The sun hadn’t yet cracked the horizon when Wake Razor zipped up his wetsuit and stepped barefoot into the cool sand of Mission Bay. The air was still, touched only by the briny breath of the Pacific, and the glassy water shimmered with the promise of speed.
He nodded to Hydro Rebel, who stood by the boat, sipping black coffee from a battered thermos. “Motor’s warm. You ready to carve some gospel?”
“Always,” Wake Razor muttered, stretching his shoulders. He waded into the water, ski in hand, his ritual calm and practiced. It was his church. The slalom course was his sermon.
As the rope snapped tight, the ski sliced water. He leaned into the pull and exploded forward, carving sharp turns that launched towering rooster tails into the golden mist.
Across the bay, a group had gathered — elite riders known only in whispered wakes and sunlit ripples.
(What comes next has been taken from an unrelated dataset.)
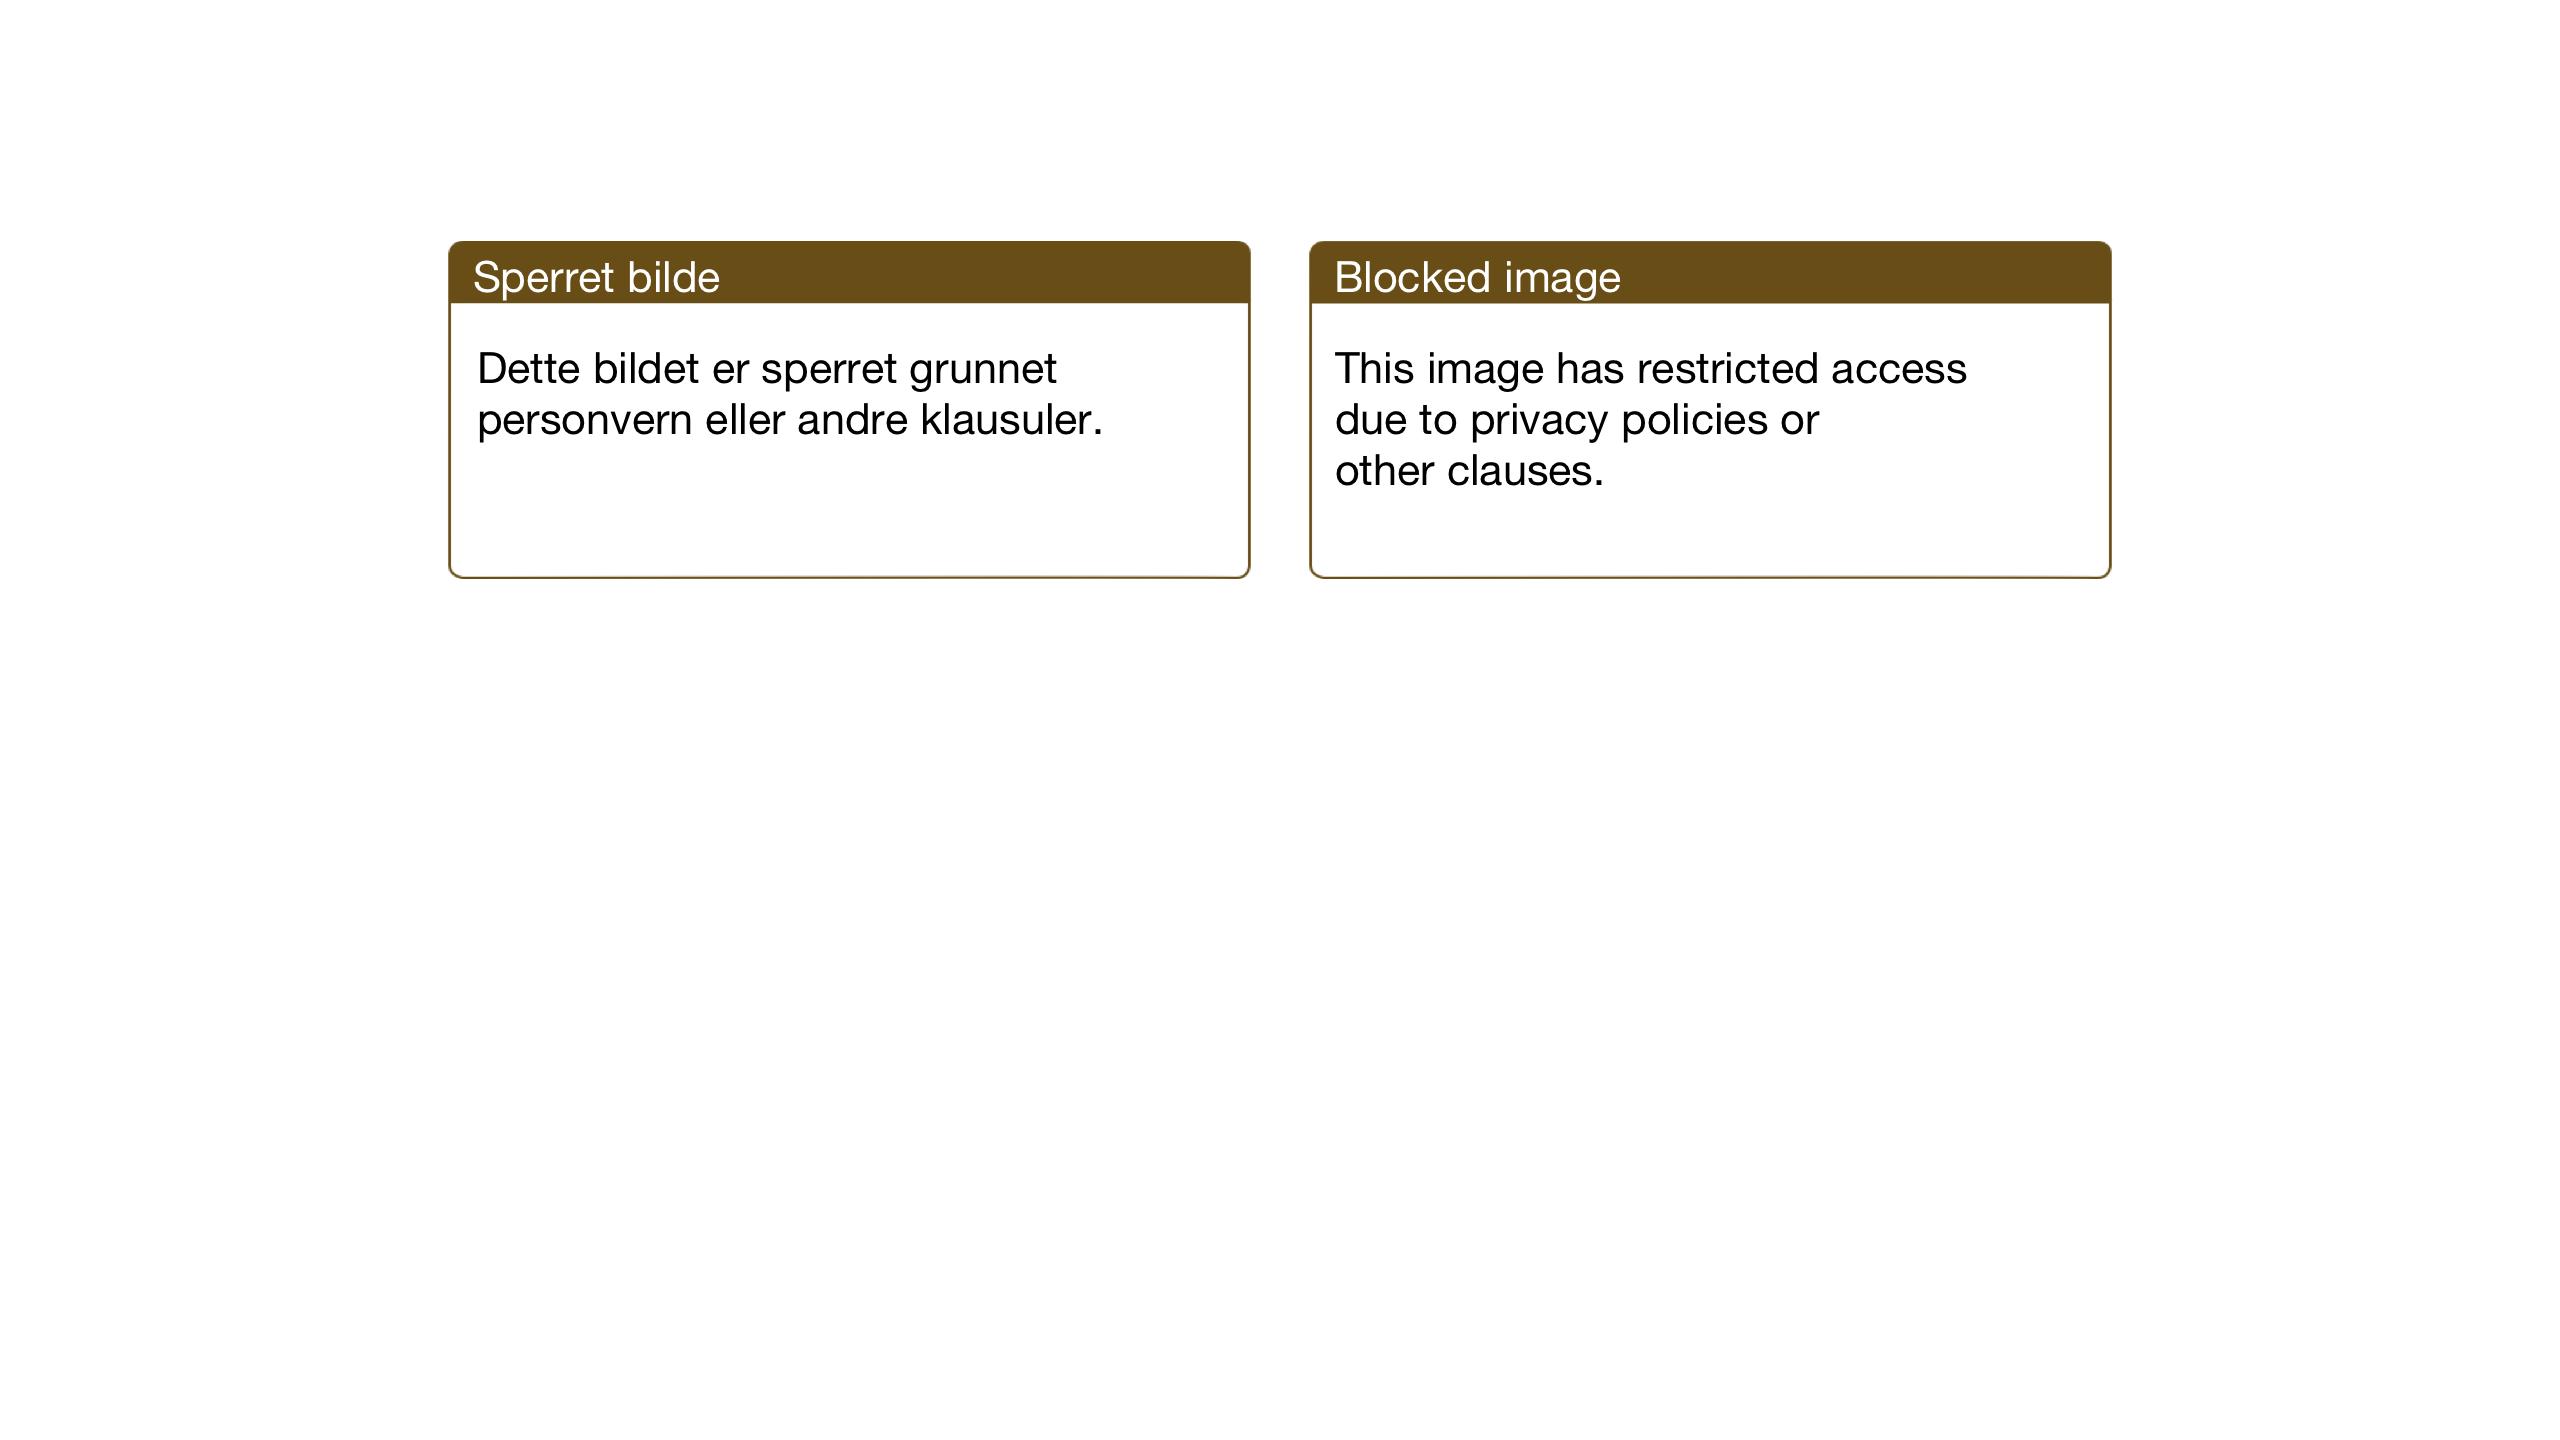 SAT, Ministerialprotokoller, klokkerbøker og fødselsregistre - Nord-Trøndelag, 721/L0209: Klokkerbok nr. 721C02, 1918-1940, s. 69

They were The Lords of the Slalom, a loose-knit brotherhood of rogue wave-riders, each with their own mythos.
Poseidon’s Edge stood like a statue, barefoot and bronze-skinned, eyes tracking Wake Razor’s cuts with reverence.
Velocity Viper, draped in a neon rash guard, spun his ski idly in the sand. “He’s cleaner than ever. Like he’s dancing with the current.”
“Too clean,” growled Aqua Titan, his voice a deep undertow. “He needs challenge. The course hasn’t changed in years.”
The group watched as Wake Razor finished a perfect pass, spraying a high arc of mist before drifting to a smooth stop. The boat circled back, but he waved it off, catching his breath, staring out across the bay — where the fog was beginning to part.
That’s when he saw it: a floating structure gliding into view. It was a portable buoy grid — massive, custom, jagged — a slalom course like none he’d ever seen.
Slalom Sphinx stepped forward from the shadows, his head wrapped in a cloth like some forgotten desert champion. “We call it the Hydra Run. Twelve turns. No resets. No retries.”
Wake Razor narrowed his eyes.
“Why bring it here?”
Poseidon’s Edge stepped in. “Because you’re the best. And the best gets the challenge.”
Wake Razor chuckled, running a hand through his damp hair. “And what happens if I finish it?”
Neon Wake, perched on a nearby paddleboard, smiled slyly. “Then you get to name the course.”
He took one look at the shifting pattern of buoys — a twisted labyrinth dancing in the sun-specked mist — and slipped the rope handle back into his palm.
“Fire up the boat,” he said, voice steady.
Hydro Rebel grinned, already sprinting to the helm.
As the engine roared to life and the line tightened once more, Wake Razor whispered to himself, “Let’s carve a legend.”